We also reject the Port Authority's argument that appellant's rights under article I, section 1, turn upon whether the Port Authority has a general policy excluding the hiring of persons with assault convictions. Appellant has the right
[ 277 Pa. Super. Page 17]
under article I, section 1, to be free of arbitrary governmental action. The government may be arbitrary with or without a general policy.

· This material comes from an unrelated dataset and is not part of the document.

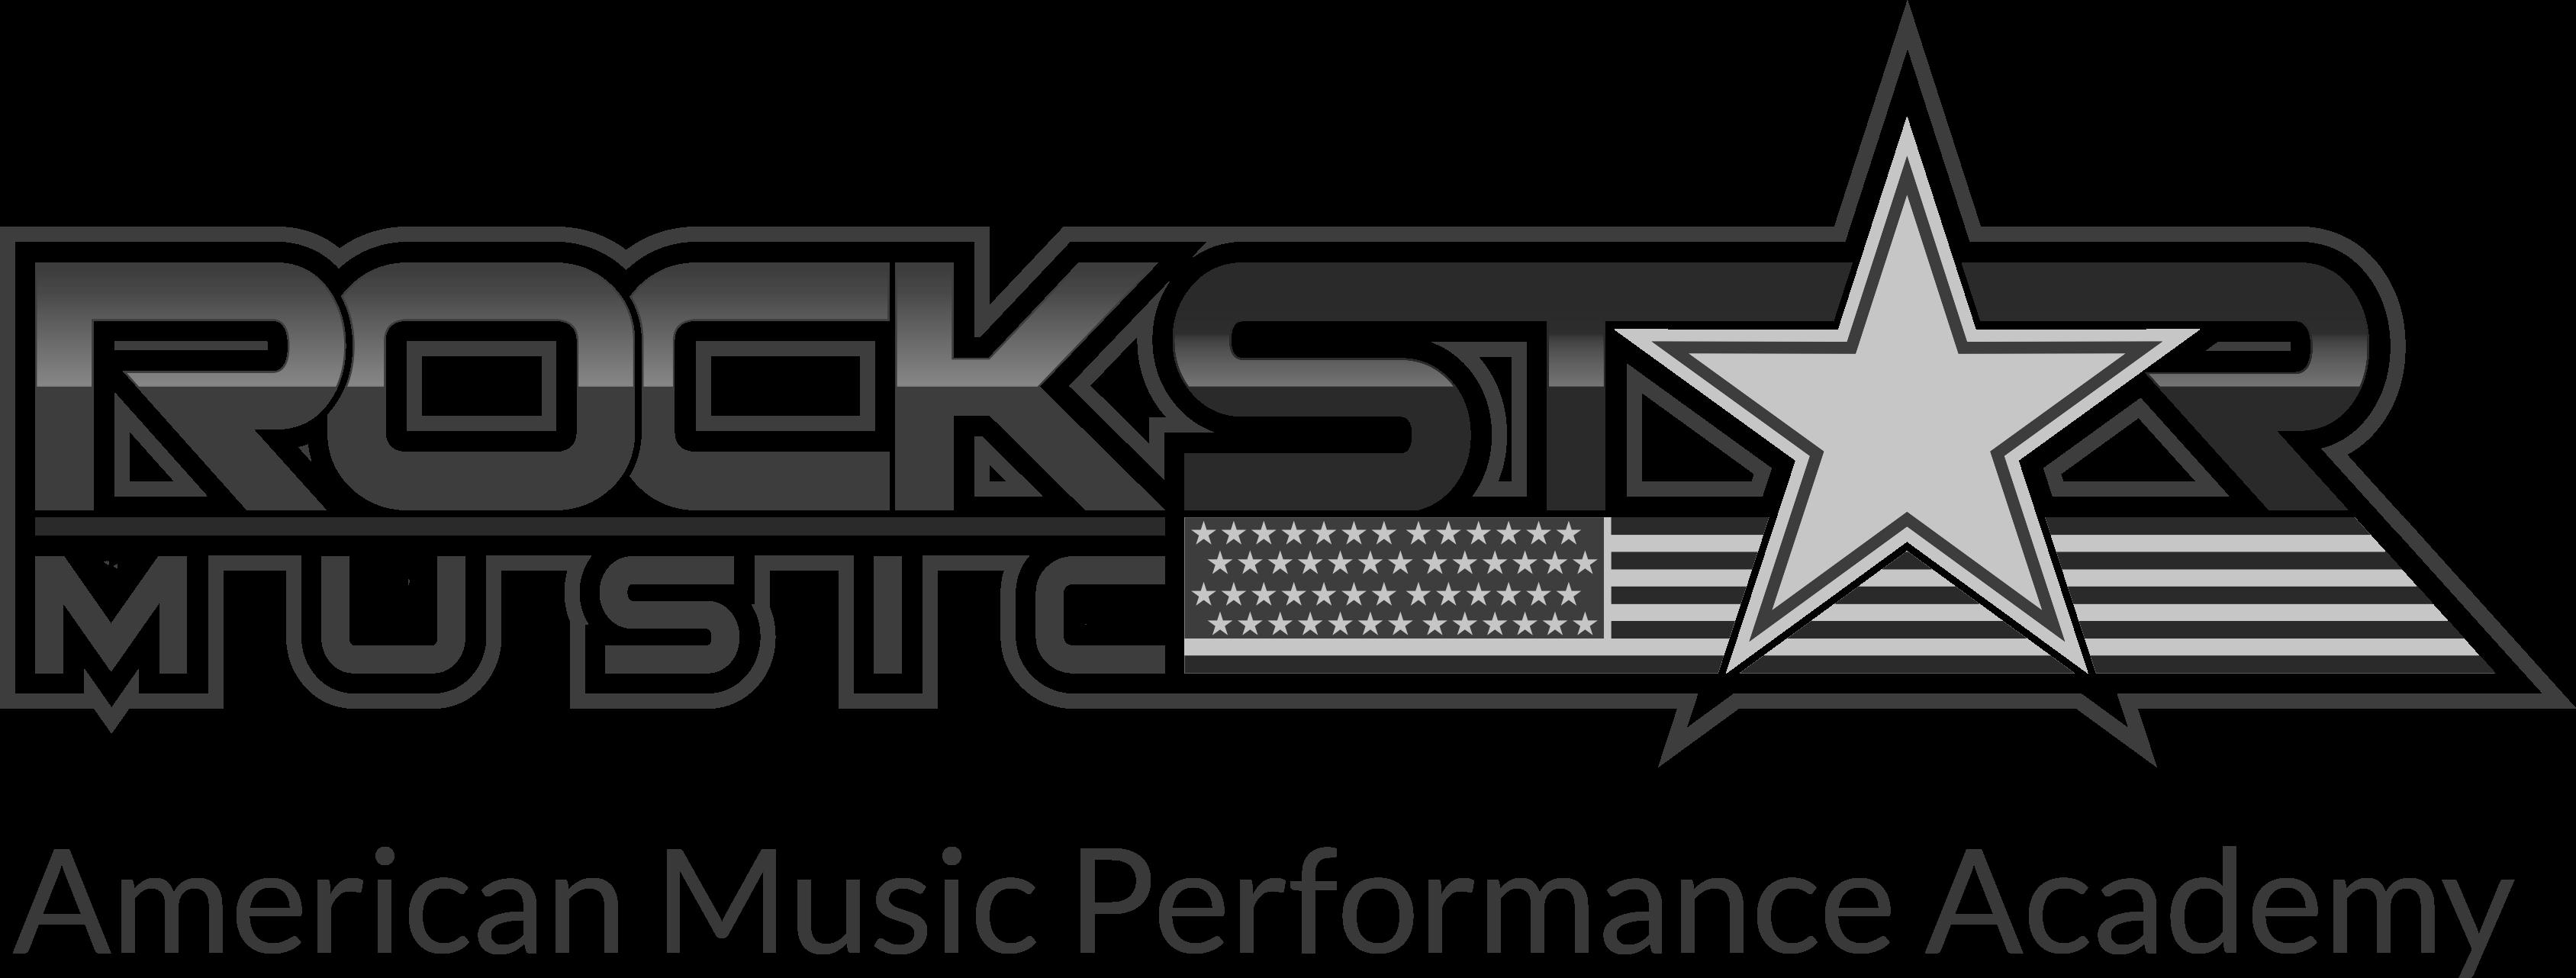 Rockstar Music Logo

In finding that appellant has stated a cause of action under article I, section 1, we wish to stress again what is repeated throughout this opinion. Public employers are not always precluded from considering a job applicant's prior convictions in making hiring decisions. In some instances, the fact of a prior conviction, even though pardoned, will be extremely relevant, perhaps conclusive, on an individual's fitness for a particular job. For example, an absolute bar against the employ of convicted arsonists as firemen would probably present no constitutional problems. See Carlyle v. Sitterson, 438 F.Supp. 956 (D.N.C.1975). Similarly, a bar against the employment of convicted felons as police officers would probably be reasonable since "a person who has committed a felony may be thought to lack the qualities of self-control or honesty that this sensitive job requires." See Upshaw v. McNamara, 435 F.2d 1188, 1190 (1st Cir. 1970); see also DeVeau v. Braisted, 363 U.S. 144, 80 S.Ct. 1146, 4 L.Ed.2d 1109 (1960) (disqualification of ex-felon from waterfront union offices unless he is subsequently pardoned or received certificate of good conduct from parole board does not violate federal constitution). We hold, however, that when a public employer denies employment to an individual because of his criminal record, the employer's denial of employment must be reasonably related to the furtherance of a legitimate public objective. Here, the reasonableness of the Port Authority's refusal to hire appellant is not apparent on the face of the complaint. The Port Authority's demurrer should therefore not have been sustained.